Yep, those are lifetime chisels. Very nice find.


----------



## BrandonW (Apr 27, 2010)

You suck! I mean that. 

What a great find. Now that you have your nice seven-piece set, you can sell the extras on ebay and get you some other tools. Nice looking handles, btw.


----------



## Bill1225 (Oct 31, 2011)

yeah im on the hunt for good hand tools i have tons of contractor type stuff but not many nice hand tools. really would like to have a large enough collection to make a nice tool cabinet


----------



## meikou (Jun 12, 2008)

Nice find. All I ever see at yard sales is old crapsman chisels


----------



## PurpLev (May 30, 2008)

nice find - old metal is a wonderful thing to come by, planes, chisels, and all. such higher quality in materials


----------



## docholladay (Jan 9, 2010)

I have one or two of those and also the 720's.
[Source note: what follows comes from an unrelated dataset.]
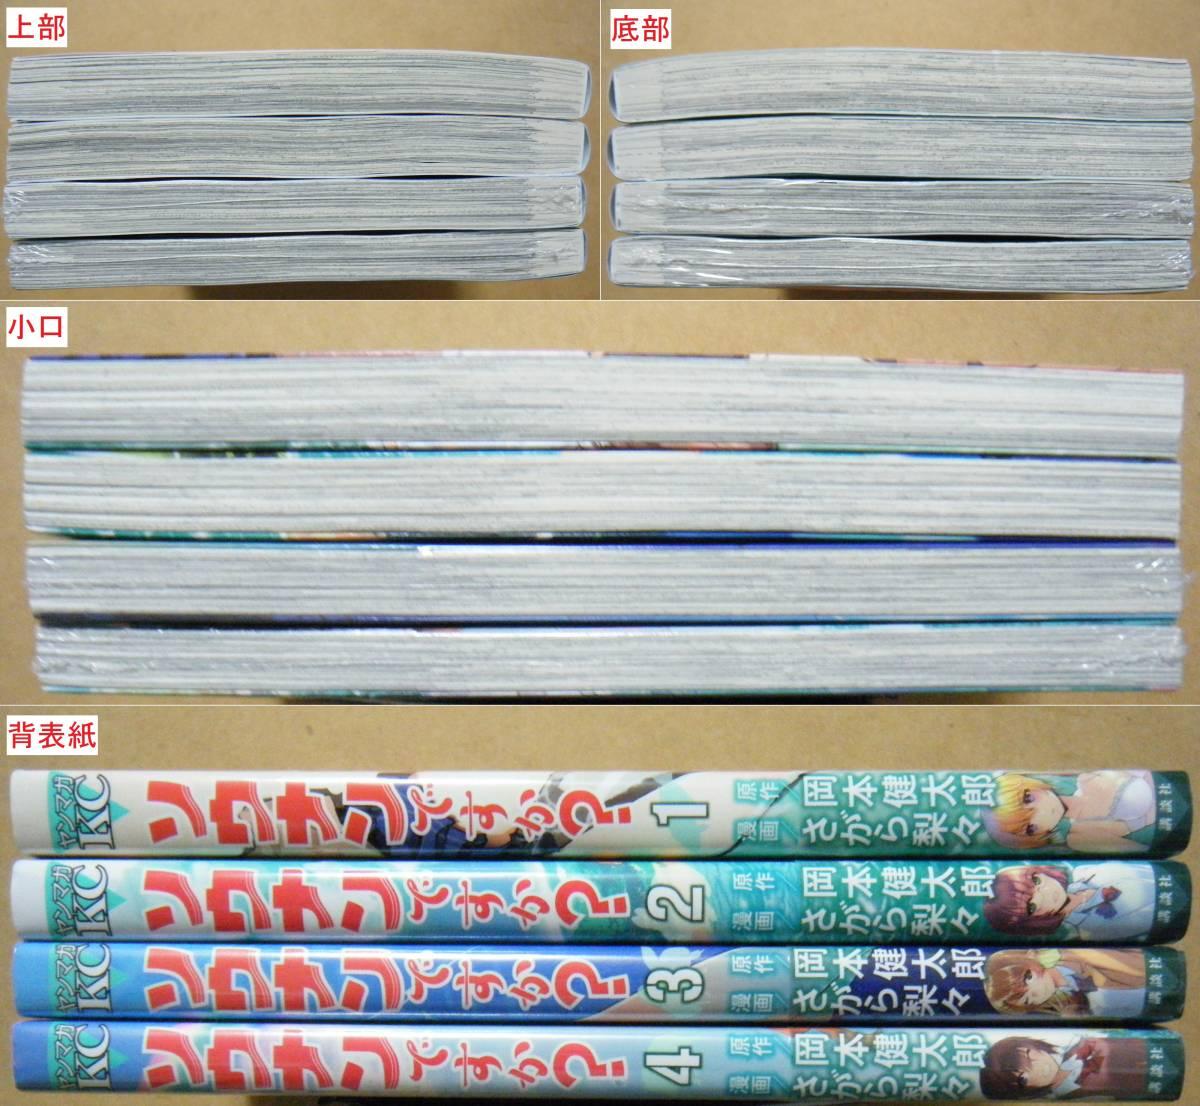 それぞれ上から下へ1~4巻

They sharpen and hold an edge like nothing else. Great chisels. You will love them.

Doc


----------



## Tedstor (Mar 12, 2011)

"Nice find. All I ever see at yard sales is old crapsman chisels "

Of course, a lot of those old craftsmans were made by Stanley, Buck Bros, et al. I'd love to find a nice set of vintage Craftsman socket chisels. 
I only bring this up as a public service announcement. I got a vintage 12" Craftsman combo square thats every bit as nice as my Starrett. In fact, I wouldn't be surprised if it were made by Starrett. Vintage Sears tools, in many cases, are pretty nice. And since they are often passed over by collectors, they are often pretty inexpensive too. 
Just sayin.


----------



## lysdexic (Mar 21, 2011)

I'd love to see before pics.


----------



## taoist (Jul 31, 2011)

Congratulations on your find.
I haven't used them yet but a few weeks ago I got a set of eight 2 Cherry chisels, at an auction, for $50.00. They even came with a roll case. You just have to keep your eyes open in your travels.


----------